The 3,200-square-foot property is a beaut. There are custom-made stained-glass windows (one of which includes a Star of David), as well as Brazilian hardwood floors, cathedral ceilings, an Italian marble fireplace and more than 900 square feet of outdoor space.
“We’ve been getting a lot of good feedback,” he says. “A lot of interested people want to purchase the house.” (The owner isn’t interested in selling, Davis says.)
Davis has gotten nibbles from renters including an actress in town for a show.
Of course, the real estate gets more expensive as you move west, toward Avenue A. Potential buyers might want to check out another Town property on the market with Wilbur Gonzalez and Adam Taylor: a 6,000-square-foot, $8.5 million, four-bedroom, 2 1/2-bathroom townhouse on East Fourth Street between Avenues A and B, with 11-foot ceilings, Sub-Zero, Wolf and Miele appliances, a 900-square-foot patio and much more.
“It really is a trophy house,” Gonzalez says. “Which made it sort of difficult to price. If it was West Fourth Street, not East, it would be in the $12 to $15 million range.”
The big question is how Alphabet City went through such a transformation where properties could fetch high prices.
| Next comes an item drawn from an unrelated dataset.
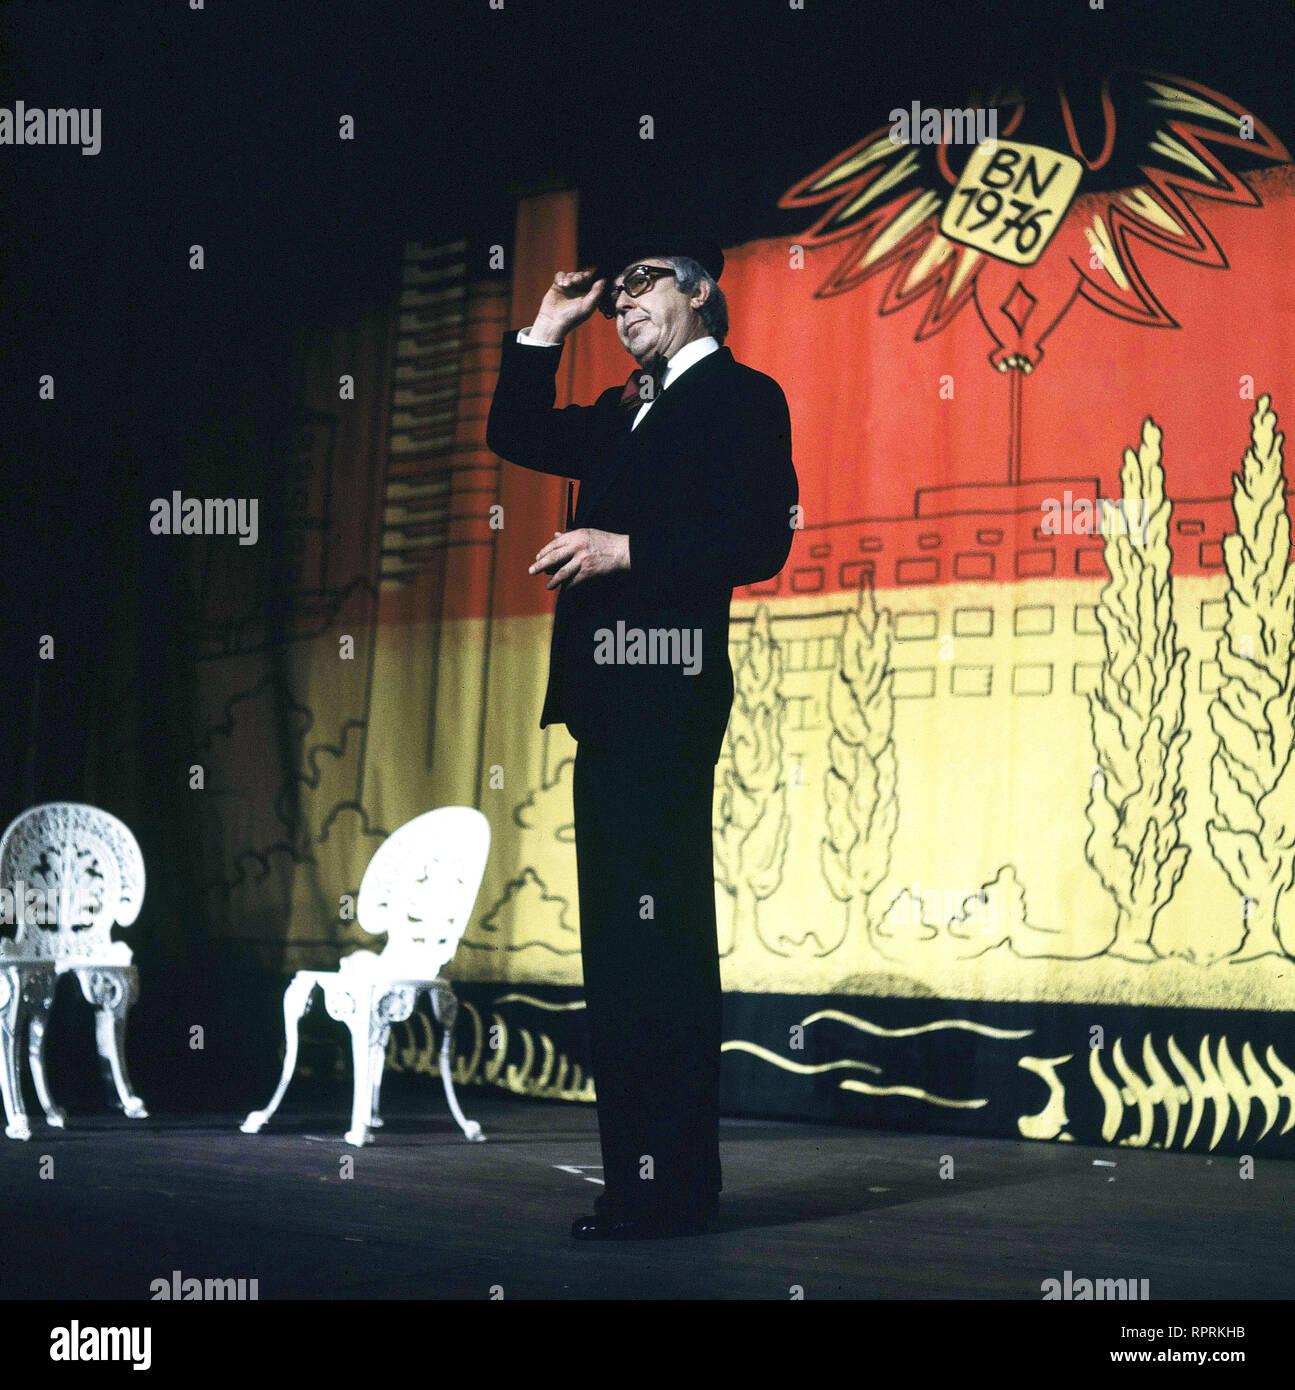 WOLFGANG GRUNER / Ausschnitte aus dem Programm des Berliner Kabaretts 'Die Stachelschweine' aus dem Jahr 1967. Bild: WOLFGANG GRUNER  Grimm-0-60588 , 22kpaAnderem1 - Stock Image

Some, like Gonzalez, attribute it to the hotels and restaurants that cropped up around the neighborhood in the East Village and the Lower East Side.
“Inventory is so limited and so many people want to be in the neighborhood,” says Elizabeth Kee, a broker for Core who lived in the neighborhood in the early 2000s. “Never in our wildest dreams did we ever imagine [prices would be this high], but it’s a simple supply and demand curve.”
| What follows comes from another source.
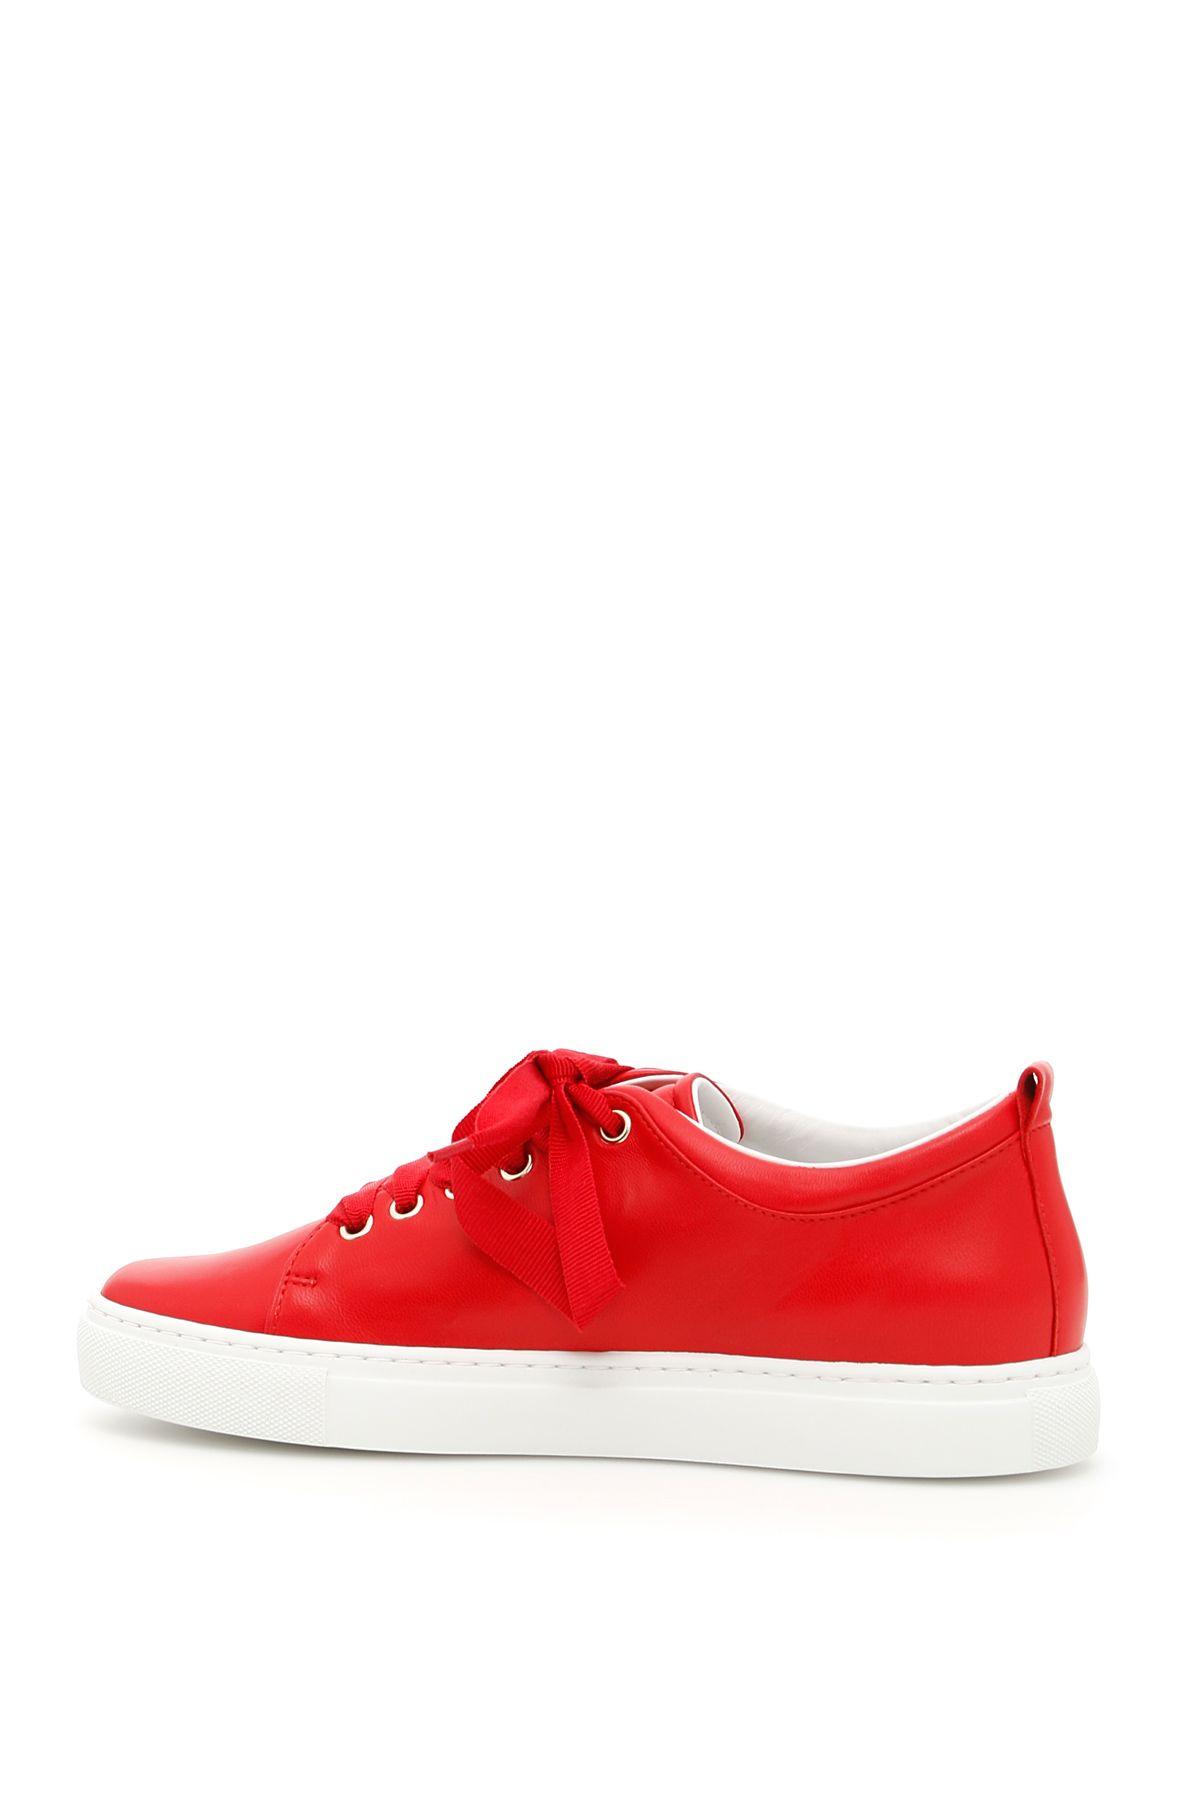 Lanvin Lanvin Logo Sneakers - RED LIPSTICK|Rosso ...

Kee has a listing at the A Building on East 13th Street between First Avenue and Avenue A, a $3.99 million penthouse, which is owned by poker pro Phil Galfond.
Galfond combined two units to make this 2,700-square-foot, four-bedroom, four-bathroom duplex, and added one quirk: He connected the top and bottom floors with a big metal slide in the middle of the apartment.
Kee reports that traffic at the open houses in the condo has been pretty good.
“This kind of property usually get gobbled up immediately,” Kee says. “Unless they have a slide.”